I also like the way it was pretty easy to add in summary views on the data, so I can see both the latest weight and the lowest weight on my Facebook timeline with very little extra effort.
05 Feb 2012
I've been thinking hard about which out of my long list of half-baked ideas to commit to next. I do have a reasonable plan now - more of which next week - but this week has been more about learning about several very useful open source frameworks I'll be using in the future.
Windows Phone Resources
Most useful of all was a fantastic post by Scott Hanselmann on his first Windows Phone app, which had loads of interesting tidbits, in particular the following resources:
A great generic error handling library to help report issues in the app, as the error reports on the Create MSDN site can be a little obscure sometimes.
A beautiful framework for creating simple but useful about dialog pages. Will definitely be using this.
If you're doing any Windows Phone development at all, you should definitely check out the whole of Scott's post.
Agfx App and Data Caching Framework
Many of the ideas I've had involve using data from the Internet in some way, and the occasionally connected nature of such devices means a reliable caching layer essential.
I'd been thinking of writing my own such store, but happily before I really got started I found the AgFx Windows Phone App and Data Caching Framework on Codeplex, which looks like exactly what I need. I'll let you know how that works out in later posts.

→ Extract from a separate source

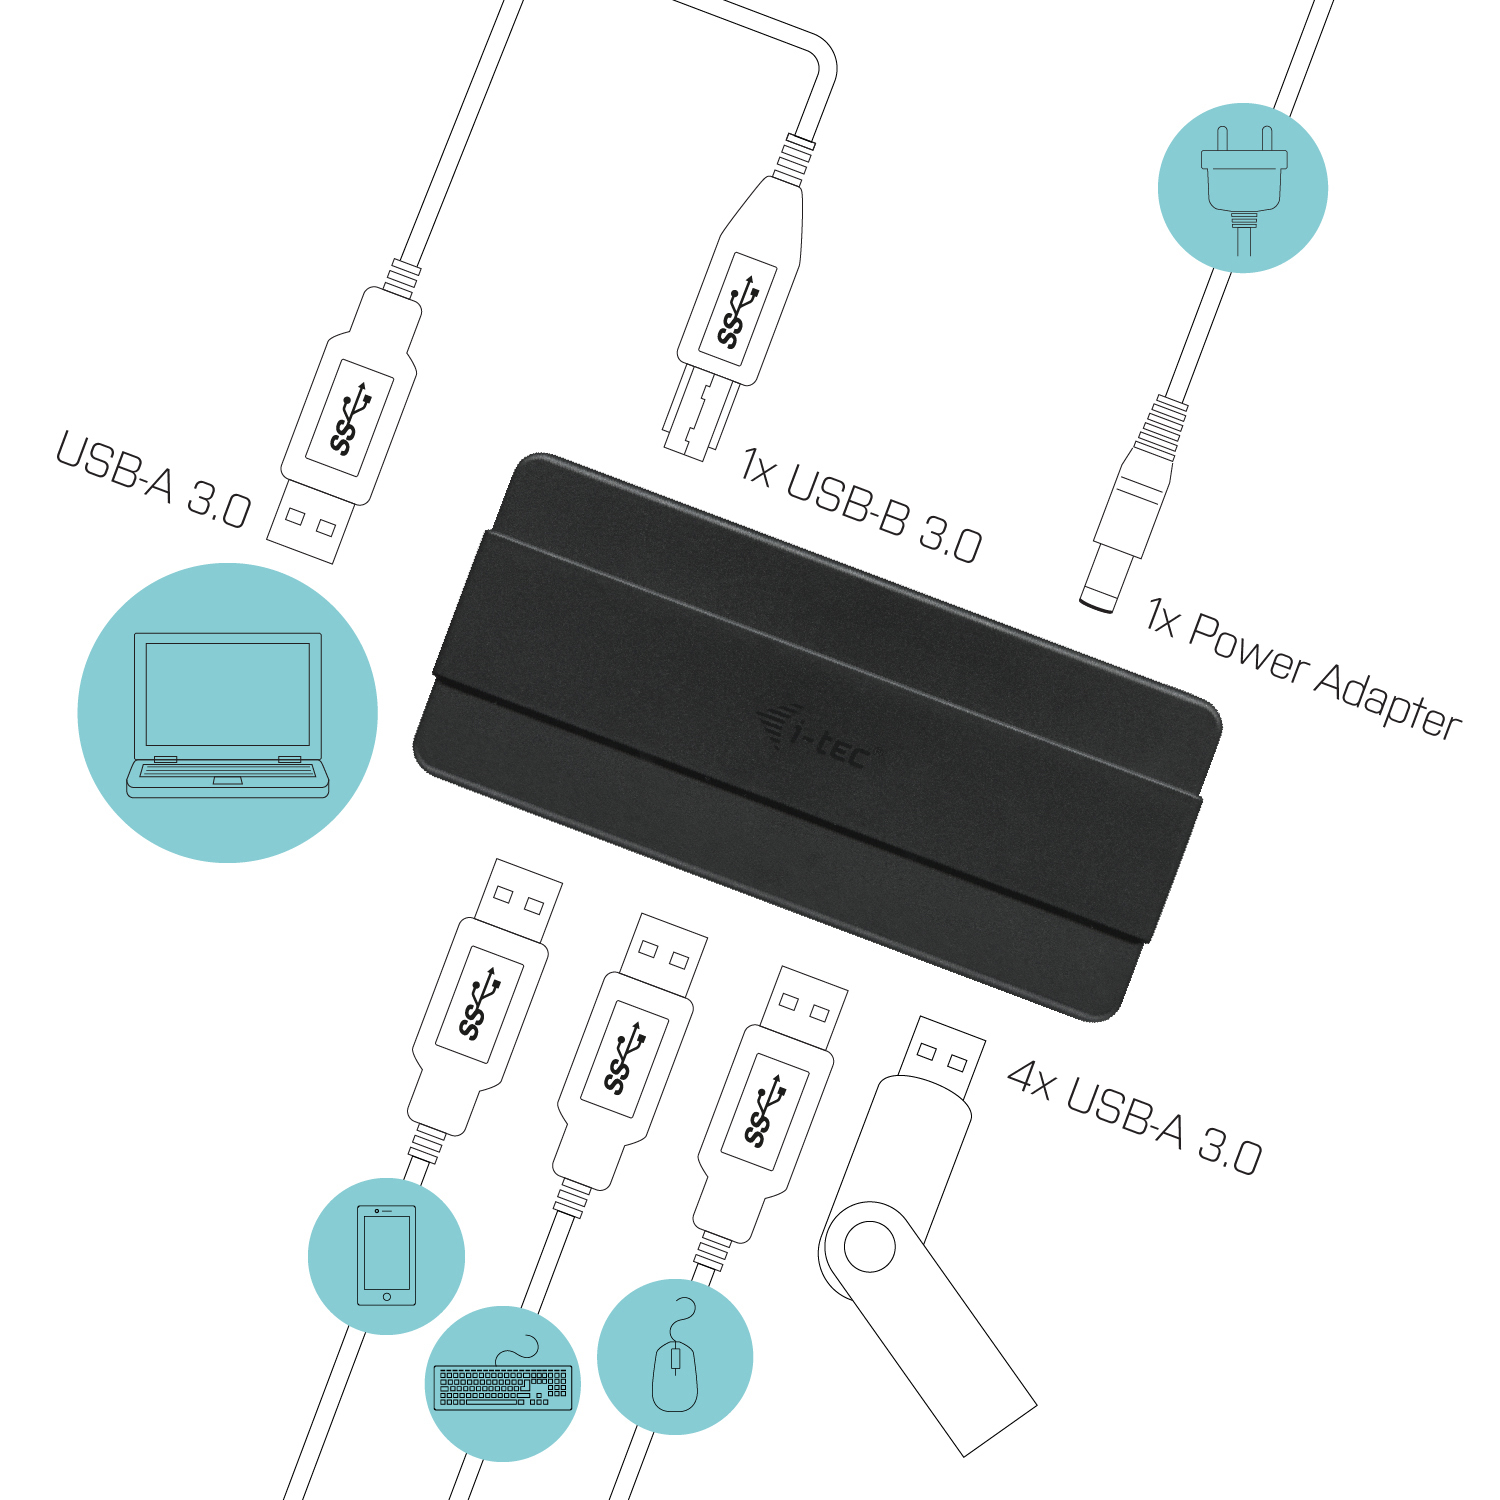 i-tec USB 3.0 Charging HUB - Hub - 4 x SuperSpeed USB 3.0

Other Cool Things I've Learnt This Week
The Brave Location website is built using the Bootstrap Framework, an excellent set of resources built by some developers from Twitter.
The only downside I found was that the layouts weren't particularly responsive, so didn't look fantastic on mobile phones.
However the latest version (2.0) has added much better support for adjusting the page based on the current size, and apart from a few ongoing glitches with the navbar, the site now works very well on smaller resolutions now.
Markdown and MarkdownPad
I also just realised that Posterous - where I'm hosting this bog - supports Markdown, an easy text-based way of writing than can easily be turned into simple HTML.
My posts both on here and on my personal blog are tending to be a bit longer than usual, and to be honest I haven't found a web-based HTML editor yet that isn't a bit painful to use.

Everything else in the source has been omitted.